I have an nginx proxy through which clients pass a large POST payload to 
the upstream server. Sometimes, the upstream server is slow and so 
writing the POST data will fail with a writev() not ready (EAGAIN) 
error. But of course, that's a very common situation when dealing with 
non-blocking I/O, and I'd expect the rest of the data to be written when 
the socket is again ready for writing.

In fact, it seems like the basic structure of that is in place; when 
ngx_writev gets the EAGAIN, it passes that to calling functions, which 
modify the chain buffers. Yet somewhere along the line (seemingly in 
ngx_http_upstream_send_request_body) the partially-written buffer is 
freed, and although the socket later indicates that it is ready to write 
(and the ngx epoll module does detect that), there is no longer any data 
to write and so everything fails.

I realize this is not the dev mailing list so an answer to how that is 
programmed isn't necessarily what I'm after -- again, the partial write 
of data to a socket is such a common thing that I can't think I'm the 
first to encounter it and find a basic bug, so I assume that something 
else is going on. I have tried this with proxy_request_buffering off and 
on, and the failure is essentially the same.
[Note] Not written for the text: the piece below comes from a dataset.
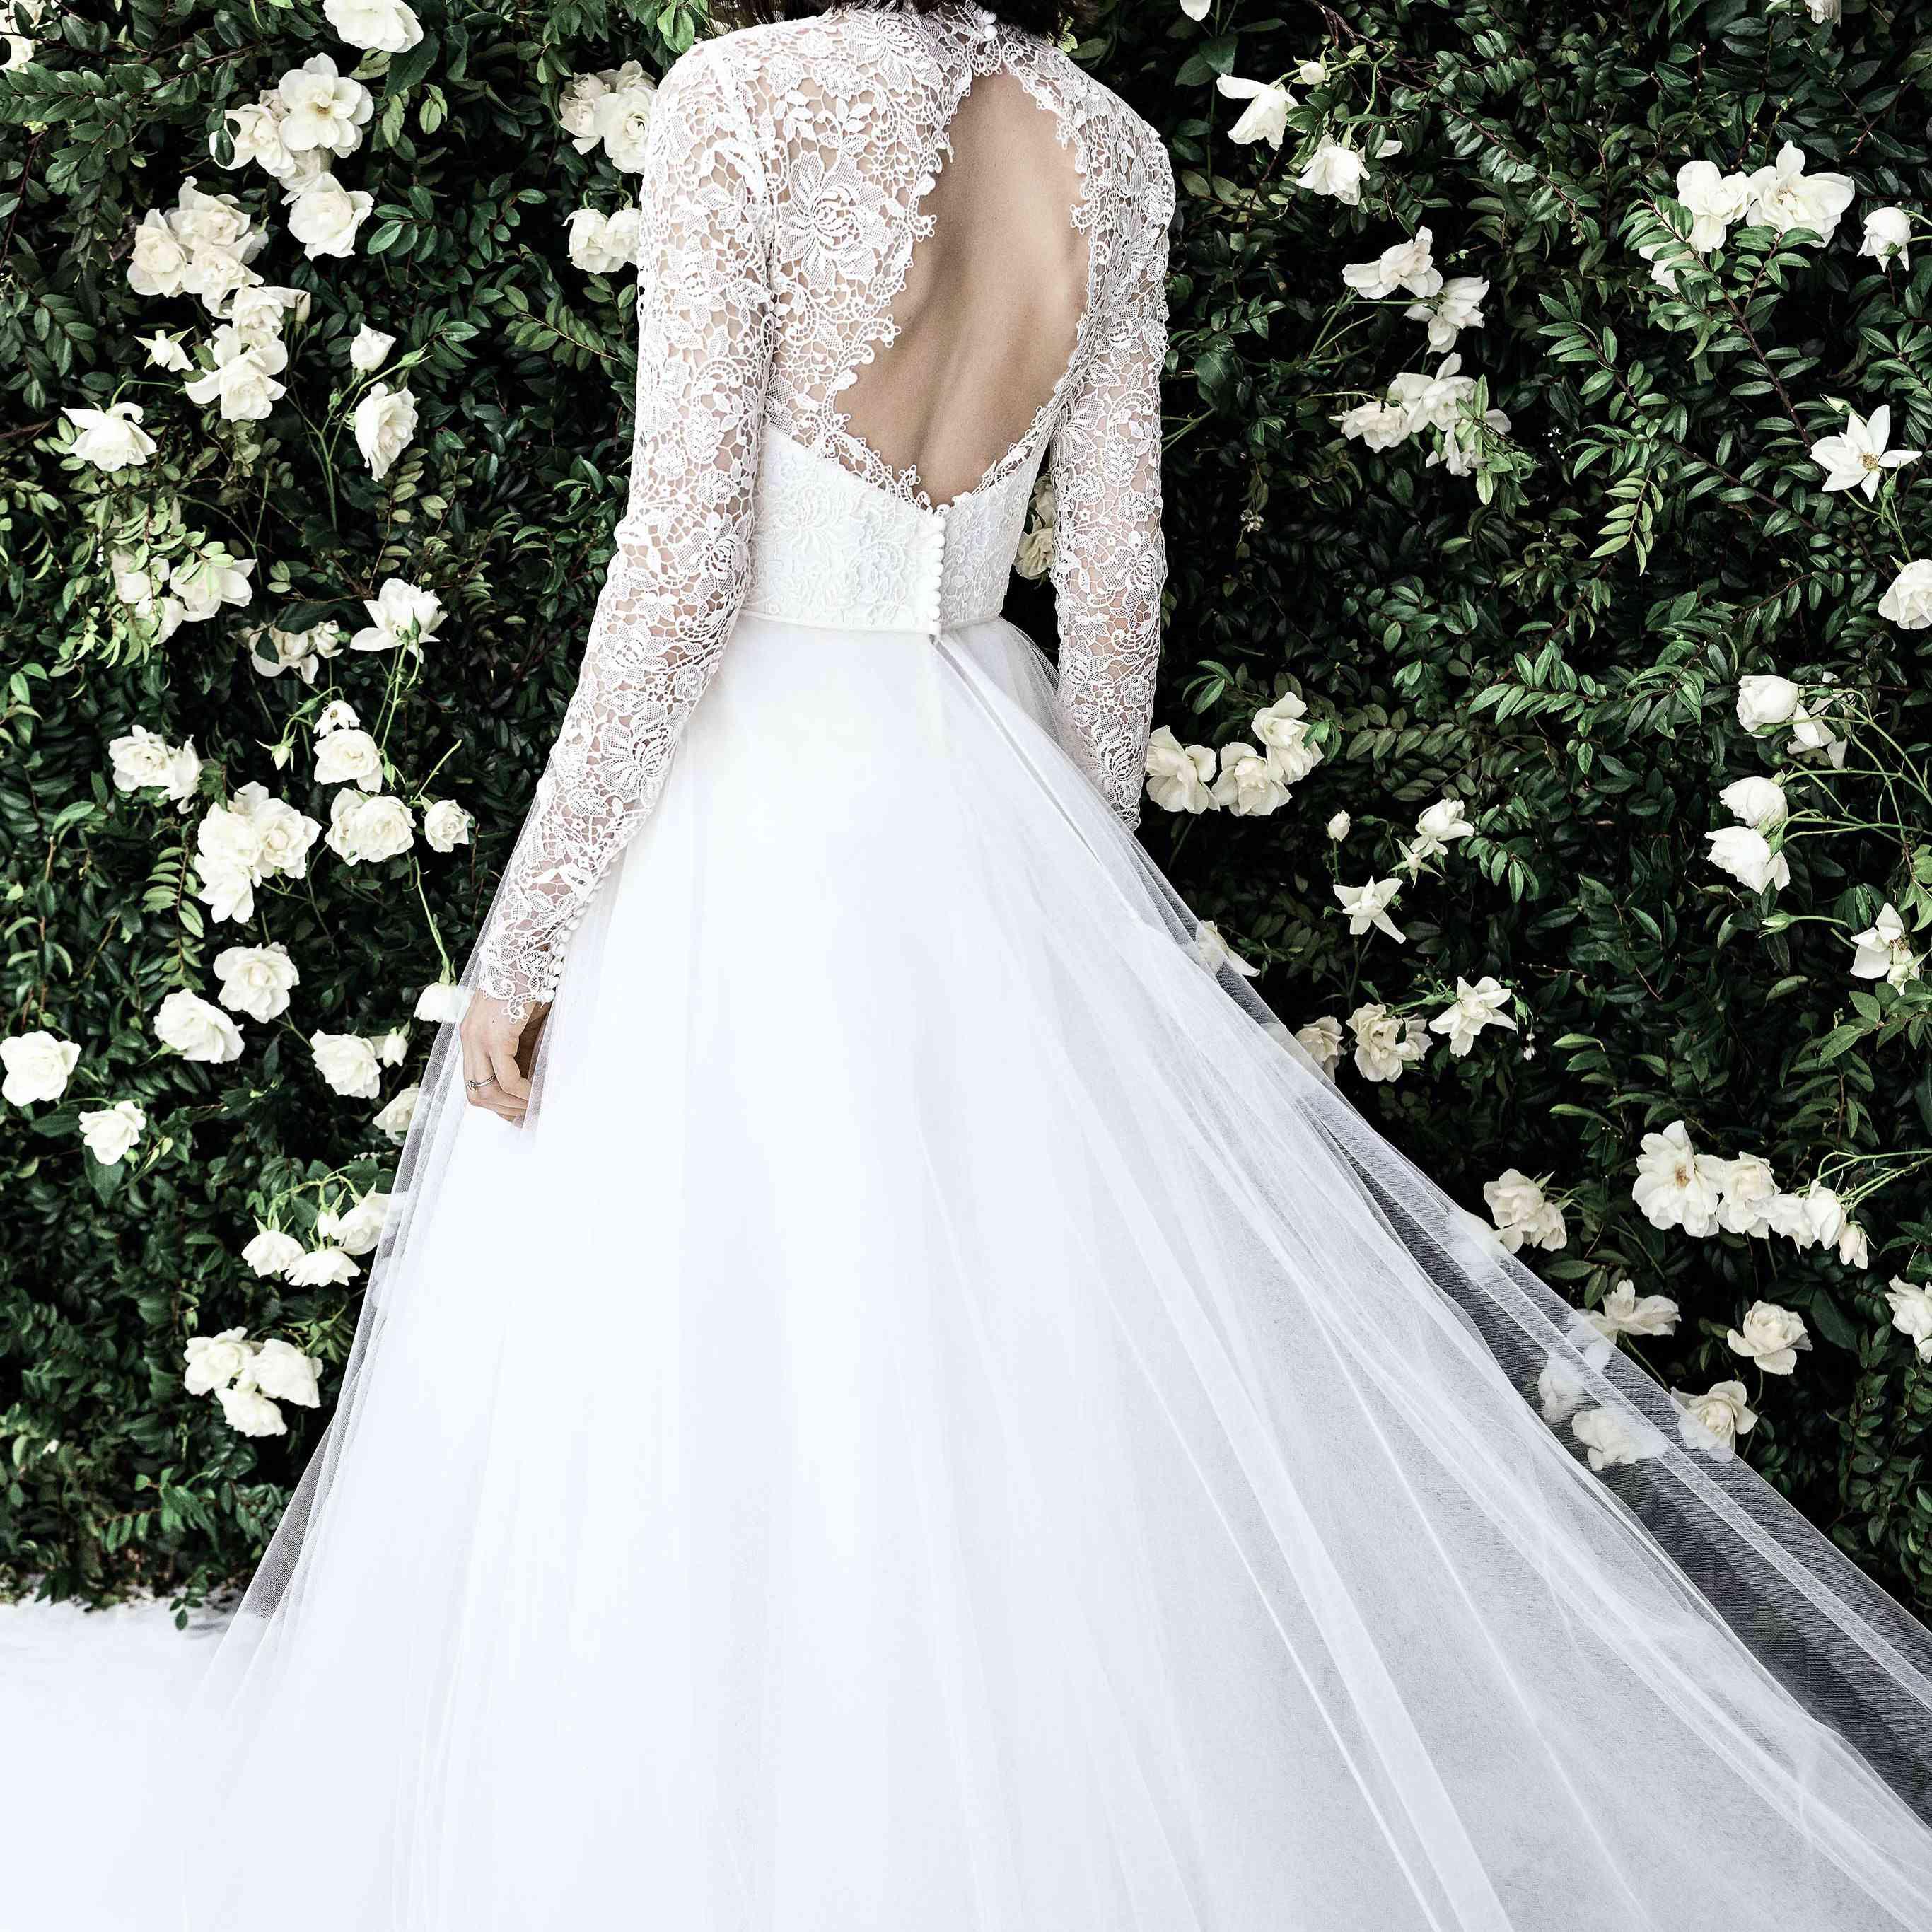 Carolina Herrera Wedding Dress.Carolina Herrera Bridal Spring 2020

The http section of my conf 
looks like this:

http {
     max_ranges 1;
     #map $http_accept $file_extension {
     #   default   ".html";
     #    "~*json"  ".json";
     #}
     map $http_upgrade $connection_upgrade {
         default upgrade;
         '' "";
     }
     server_names_hash_bucket_size 512;
     server_names_hash_max_size 2048;
     variables_hash_bucket_size 512;
     variables_hash_max_size 2048;
     client_header_buffer_size 8k;
     large_client_header_buffers 4 16k;
     proxy_buffering off;
     proxy_request_buffering off; # Tried on, and various sizes
     #proxy_buffer_size 16k;
     #proxy_buffers 4 128k;
     #proxy_busy_buffers_size 256k;
     #proxy_headers_hash_bucket_size 256;
     client_max_body_size 0;
     ssl_session_cache shared:SSL:20m;
     ssl_session_timeout 60m;

     include       /u01/data/config/nginx/mime.types;
     default_type  application/octet-stream;

     log_format  main  '"$remote_addr" "-" "$remote_user" "[$time_local]" "$request" '
                       '"$status" "$body_bytes_sent" "$http_referer" '
                       '"$http_user_agent" "$http_x_forwarded_for"';

     log_format  opcroutingtier  '"$remote_addr" "-" "$remote_user" [$time_local] "$request" "$status" '
                                 '"$body_bytes_sent" "$http_referer" "$http_user_agent" "$bytes_sent" "$request_length" "-" '
                                 '"$host" "$http_x_forwarded_for" "$server_name" "$server_port" "$request_time" "$upstream_addr" '
                                 '"$upstream_connect_time" "$upstream_header_time" "$upstream_response_time" "$upstream_status" "$ssl_cipher" "$ssl_protocol" '
                                 '"-" "-" "-"';

     access_log  /u01/data/logs/nginx_logs/access_logs/access.log  opcroutingtier;
     sendfile        off;  # also tried on
     keepalive_timeout 60s;
     keepalive_requests 2000000;
     open_file_cache max=2000 inactive=20s;
     open_file_cache_valid 60s;
     open_file_cache_min_uses 5;
     open_file_cache_errors off;
     gzip on;
     gzip_types text/plain text/css text/javascript text/xml application/x-javascript application/xml;
     gzip_min_length 500;
     gzip_comp_level 7;

Everything works fine if the upstream reads data fast enough; it's only 
when nginx gets a partial write upstream that there is a problem. Am I 
missing something here?

-Scott